Onloan is a fashion rental service that works a little like an old-school library card. Pay a subscription, and you can have two or four items on loan at any time. You get newness and sustainability on a Zara budget. “We keep hearing from our customers that rental is a great way to try out a new silhouette,” say co-founders Tamsin Chislett and Natalie Hasseck. “Right now we’ve got two incredible pairs of dad-silhouette trousers that are tenfold our most successful trousers of the moment. It’s taken us completely by surprise, because they are by a brilliant but under-the-radar Italian label, Jejia – no one knows the name, so it’s the shape that people are going for.
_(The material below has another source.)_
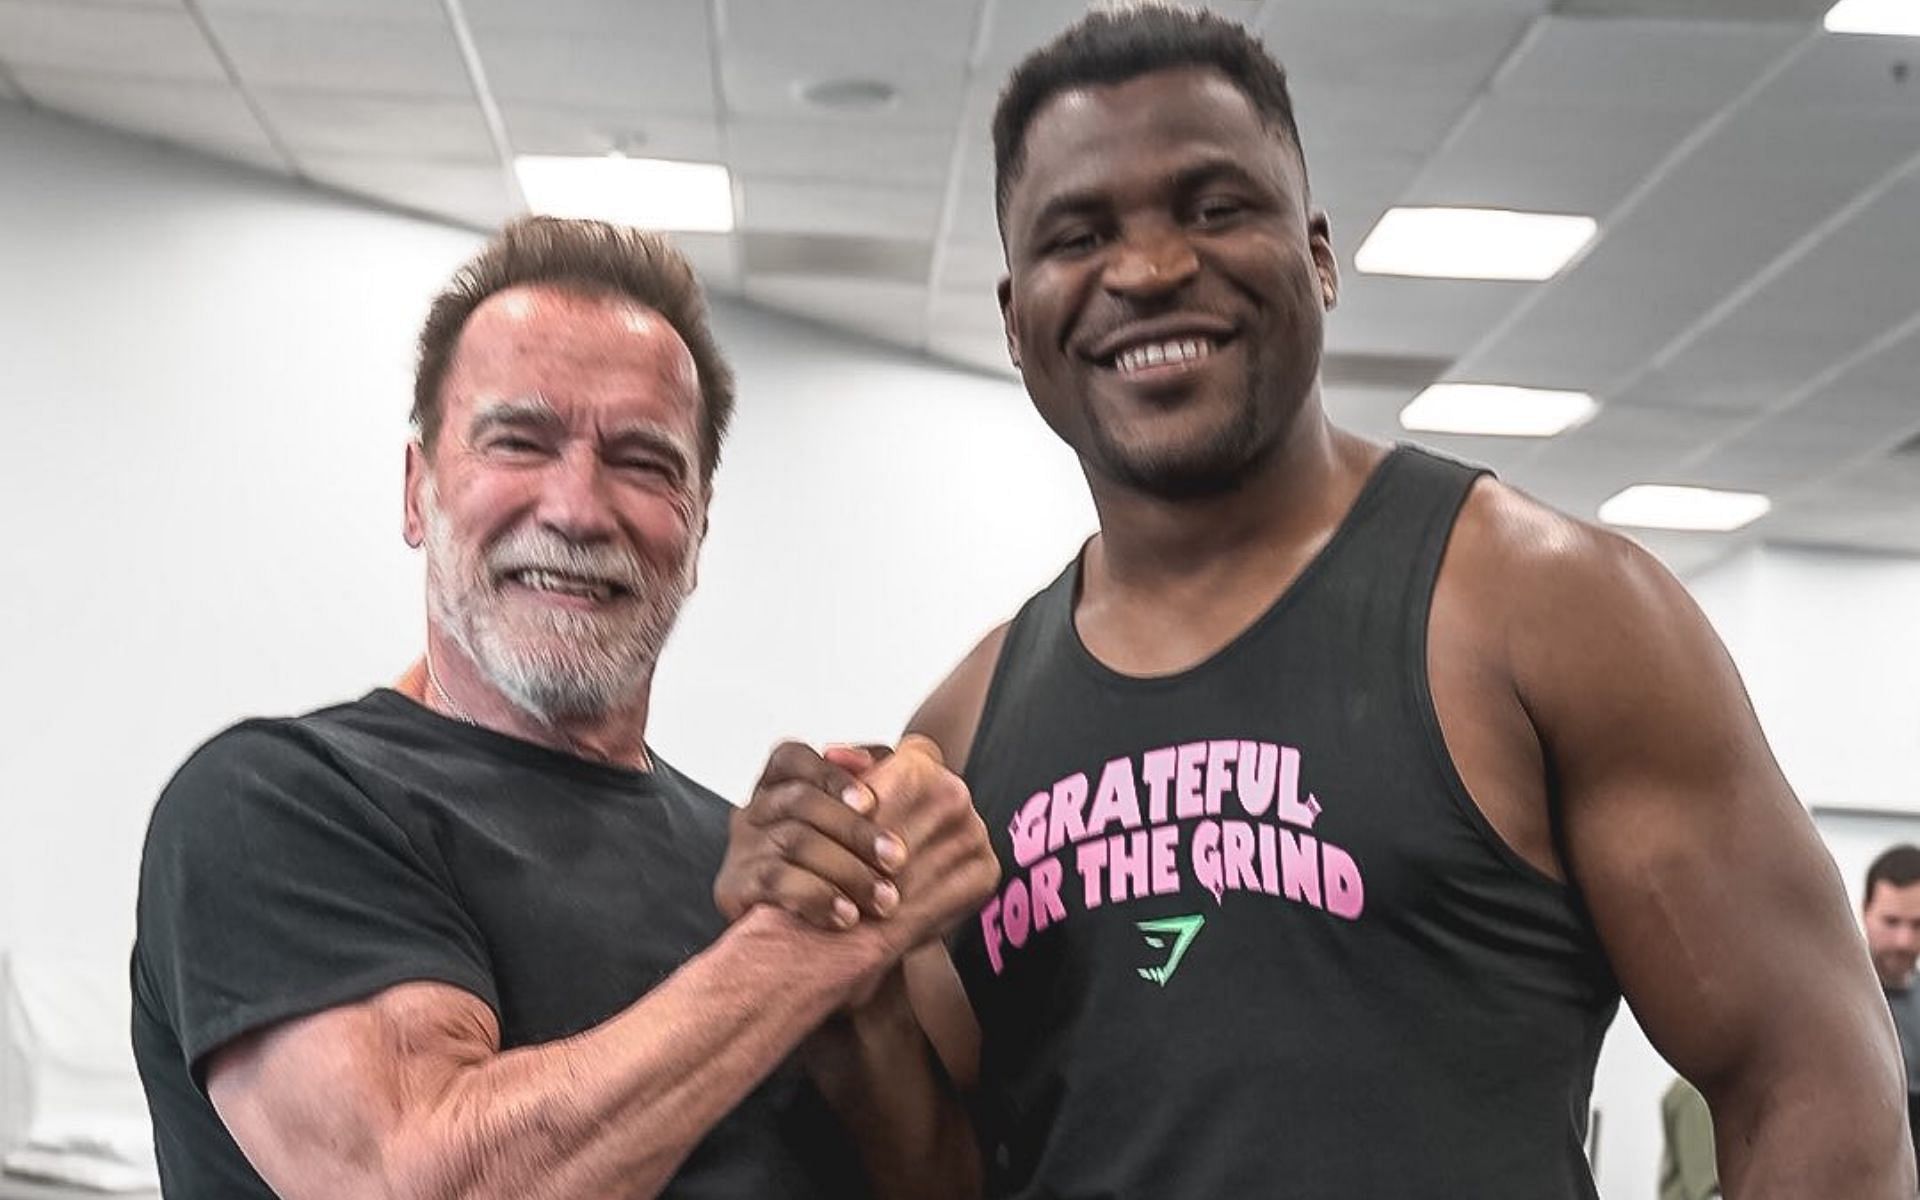 Arnold Schwarzenegger [Left], and Francis Ngannou [Right] [Photo credit: @francis_ngannou - Twitter]

They are perfectly cut at the waist, so that you can tuck in a white T and it sits perfectly.”

In her 2011 memoir, Then Again, Diane Keaton writes that Woody Allen told her to “wear what you want to wear … move around like a real person” when he directed her in Annie Hall. What she wanted to wear was “what the cool-looking women on the streets of SoHo were wearing … Annie’s khaki pants, vest and tie came from them.” Ralph Lauren provided most of the clothes, but the styling concept came from Keaton’s fascination with downtown urban style.

In 2021, after a year of dressing for the sofa or the park bench, the impulse to dress up for the city streets – to look cool – is back. And so are Annie Hall’s trousers.